#### Task statement
From the records below, set down exactly the lines starting with the line that contains "DOSSIER 1912 procession" and going on through the line that contains "美式 别墅 客厅图片来自用户1907685403在【高清】340平别墅装修实景美式设计风格62的分享". Nothing else is wanted.

Records drawn from a dataset
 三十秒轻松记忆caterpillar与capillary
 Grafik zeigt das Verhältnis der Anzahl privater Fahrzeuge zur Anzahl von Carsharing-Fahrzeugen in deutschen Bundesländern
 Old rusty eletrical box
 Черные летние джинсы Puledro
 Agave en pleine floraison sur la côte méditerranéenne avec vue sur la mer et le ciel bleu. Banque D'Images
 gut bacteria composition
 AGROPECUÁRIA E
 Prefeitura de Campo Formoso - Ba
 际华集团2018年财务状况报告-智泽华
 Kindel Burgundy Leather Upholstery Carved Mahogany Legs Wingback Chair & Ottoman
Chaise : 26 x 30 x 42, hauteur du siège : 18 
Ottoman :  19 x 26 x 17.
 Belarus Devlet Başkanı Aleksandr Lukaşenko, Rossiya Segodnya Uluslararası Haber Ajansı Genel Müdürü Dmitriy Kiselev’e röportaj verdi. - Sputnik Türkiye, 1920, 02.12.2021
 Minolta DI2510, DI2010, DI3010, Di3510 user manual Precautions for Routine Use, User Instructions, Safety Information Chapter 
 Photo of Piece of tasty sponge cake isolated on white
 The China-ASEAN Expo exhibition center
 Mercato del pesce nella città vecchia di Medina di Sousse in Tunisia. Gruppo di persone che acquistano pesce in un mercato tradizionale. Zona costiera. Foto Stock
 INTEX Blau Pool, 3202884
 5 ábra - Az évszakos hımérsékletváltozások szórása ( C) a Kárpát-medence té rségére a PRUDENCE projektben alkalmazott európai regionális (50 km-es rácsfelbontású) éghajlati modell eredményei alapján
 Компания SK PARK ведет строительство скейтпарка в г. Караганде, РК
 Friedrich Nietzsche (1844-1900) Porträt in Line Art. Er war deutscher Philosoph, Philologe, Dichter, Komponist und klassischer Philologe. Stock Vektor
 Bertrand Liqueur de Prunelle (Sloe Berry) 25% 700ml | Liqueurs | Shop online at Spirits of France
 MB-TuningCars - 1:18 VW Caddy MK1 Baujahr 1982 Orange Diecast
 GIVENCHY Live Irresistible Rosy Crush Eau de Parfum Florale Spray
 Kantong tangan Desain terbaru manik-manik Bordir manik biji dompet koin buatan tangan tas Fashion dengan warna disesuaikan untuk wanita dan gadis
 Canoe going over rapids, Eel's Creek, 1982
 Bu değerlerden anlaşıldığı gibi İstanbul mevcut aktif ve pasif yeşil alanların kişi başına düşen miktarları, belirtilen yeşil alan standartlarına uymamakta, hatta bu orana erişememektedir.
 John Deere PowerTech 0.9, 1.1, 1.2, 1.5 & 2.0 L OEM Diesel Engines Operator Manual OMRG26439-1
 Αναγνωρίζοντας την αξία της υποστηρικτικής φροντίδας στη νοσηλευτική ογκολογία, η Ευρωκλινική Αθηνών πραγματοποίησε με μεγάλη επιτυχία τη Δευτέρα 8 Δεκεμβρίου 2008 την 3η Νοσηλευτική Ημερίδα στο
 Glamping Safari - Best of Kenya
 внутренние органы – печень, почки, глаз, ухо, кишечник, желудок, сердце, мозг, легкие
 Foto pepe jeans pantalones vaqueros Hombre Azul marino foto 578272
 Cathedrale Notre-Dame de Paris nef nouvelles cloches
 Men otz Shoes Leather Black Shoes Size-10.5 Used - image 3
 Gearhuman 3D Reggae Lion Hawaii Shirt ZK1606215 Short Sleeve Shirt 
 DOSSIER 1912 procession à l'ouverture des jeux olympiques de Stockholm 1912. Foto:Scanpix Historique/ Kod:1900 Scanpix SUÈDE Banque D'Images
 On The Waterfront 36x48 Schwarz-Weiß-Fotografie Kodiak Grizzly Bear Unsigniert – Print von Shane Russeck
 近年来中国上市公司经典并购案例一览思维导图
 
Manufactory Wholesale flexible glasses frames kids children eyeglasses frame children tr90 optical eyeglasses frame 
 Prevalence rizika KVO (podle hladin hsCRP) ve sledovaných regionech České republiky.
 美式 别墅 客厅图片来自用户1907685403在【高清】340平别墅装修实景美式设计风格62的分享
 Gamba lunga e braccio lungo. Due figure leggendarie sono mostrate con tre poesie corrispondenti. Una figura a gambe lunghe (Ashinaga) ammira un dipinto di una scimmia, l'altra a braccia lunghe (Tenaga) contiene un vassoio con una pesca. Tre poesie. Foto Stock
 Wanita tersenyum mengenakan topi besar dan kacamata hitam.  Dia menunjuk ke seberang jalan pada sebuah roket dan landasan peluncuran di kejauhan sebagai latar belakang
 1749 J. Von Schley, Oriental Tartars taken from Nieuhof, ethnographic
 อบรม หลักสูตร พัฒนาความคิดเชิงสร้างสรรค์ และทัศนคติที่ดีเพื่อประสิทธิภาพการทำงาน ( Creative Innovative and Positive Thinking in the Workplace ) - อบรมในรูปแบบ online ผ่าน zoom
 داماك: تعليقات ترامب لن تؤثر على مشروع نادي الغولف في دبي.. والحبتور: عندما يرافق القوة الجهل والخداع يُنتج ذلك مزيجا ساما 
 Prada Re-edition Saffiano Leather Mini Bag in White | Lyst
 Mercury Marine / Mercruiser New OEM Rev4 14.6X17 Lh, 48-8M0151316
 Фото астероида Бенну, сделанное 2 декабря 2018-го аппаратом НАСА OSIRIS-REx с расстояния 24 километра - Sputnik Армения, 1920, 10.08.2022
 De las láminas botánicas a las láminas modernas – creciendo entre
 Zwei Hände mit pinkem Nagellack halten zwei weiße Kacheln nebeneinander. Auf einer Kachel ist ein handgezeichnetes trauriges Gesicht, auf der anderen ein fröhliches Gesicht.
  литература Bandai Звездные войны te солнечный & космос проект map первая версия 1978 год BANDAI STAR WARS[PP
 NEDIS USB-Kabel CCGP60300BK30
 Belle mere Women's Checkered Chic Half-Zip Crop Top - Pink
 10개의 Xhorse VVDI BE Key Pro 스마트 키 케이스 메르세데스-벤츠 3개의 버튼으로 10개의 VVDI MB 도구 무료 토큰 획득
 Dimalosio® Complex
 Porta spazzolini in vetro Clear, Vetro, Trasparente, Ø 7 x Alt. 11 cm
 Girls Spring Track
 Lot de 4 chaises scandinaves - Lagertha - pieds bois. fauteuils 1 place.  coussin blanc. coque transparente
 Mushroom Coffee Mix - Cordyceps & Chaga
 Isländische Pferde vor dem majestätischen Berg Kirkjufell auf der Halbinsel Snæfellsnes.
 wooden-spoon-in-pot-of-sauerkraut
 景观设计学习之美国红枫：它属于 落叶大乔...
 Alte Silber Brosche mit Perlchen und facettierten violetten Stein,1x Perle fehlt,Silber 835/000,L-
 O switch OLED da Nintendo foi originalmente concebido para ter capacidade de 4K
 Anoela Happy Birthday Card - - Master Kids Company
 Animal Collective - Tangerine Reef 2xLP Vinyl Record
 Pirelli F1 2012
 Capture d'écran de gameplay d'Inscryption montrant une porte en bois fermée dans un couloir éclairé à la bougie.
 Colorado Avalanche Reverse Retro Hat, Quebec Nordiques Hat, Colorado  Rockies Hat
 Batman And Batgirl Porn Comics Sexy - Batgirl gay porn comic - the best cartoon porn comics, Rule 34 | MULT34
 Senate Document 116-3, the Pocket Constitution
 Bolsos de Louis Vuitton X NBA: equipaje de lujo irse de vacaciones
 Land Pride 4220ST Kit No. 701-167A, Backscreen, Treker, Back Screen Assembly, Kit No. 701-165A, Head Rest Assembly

#### Answer to this exercise
 DOSSIER 1912 procession à l'ouverture des jeux olympiques de Stockholm 1912. Foto:Scanpix Historique/ Kod:1900 Scanpix SUÈDE Banque D'Images
 On The Waterfront 36x48 Schwarz-Weiß-Fotografie Kodiak Grizzly Bear Unsigniert – Print von Shane Russeck
 近年来中国上市公司经典并购案例一览思维导图
 
Manufactory Wholesale flexible glasses frames kids children eyeglasses frame children tr90 optical eyeglasses frame 
 Prevalence rizika KVO (podle hladin hsCRP) ve sledovaných regionech České republiky.
 美式 别墅 客厅图片来自用户1907685403在【高清】340平别墅装修实景美式设计风格62的分享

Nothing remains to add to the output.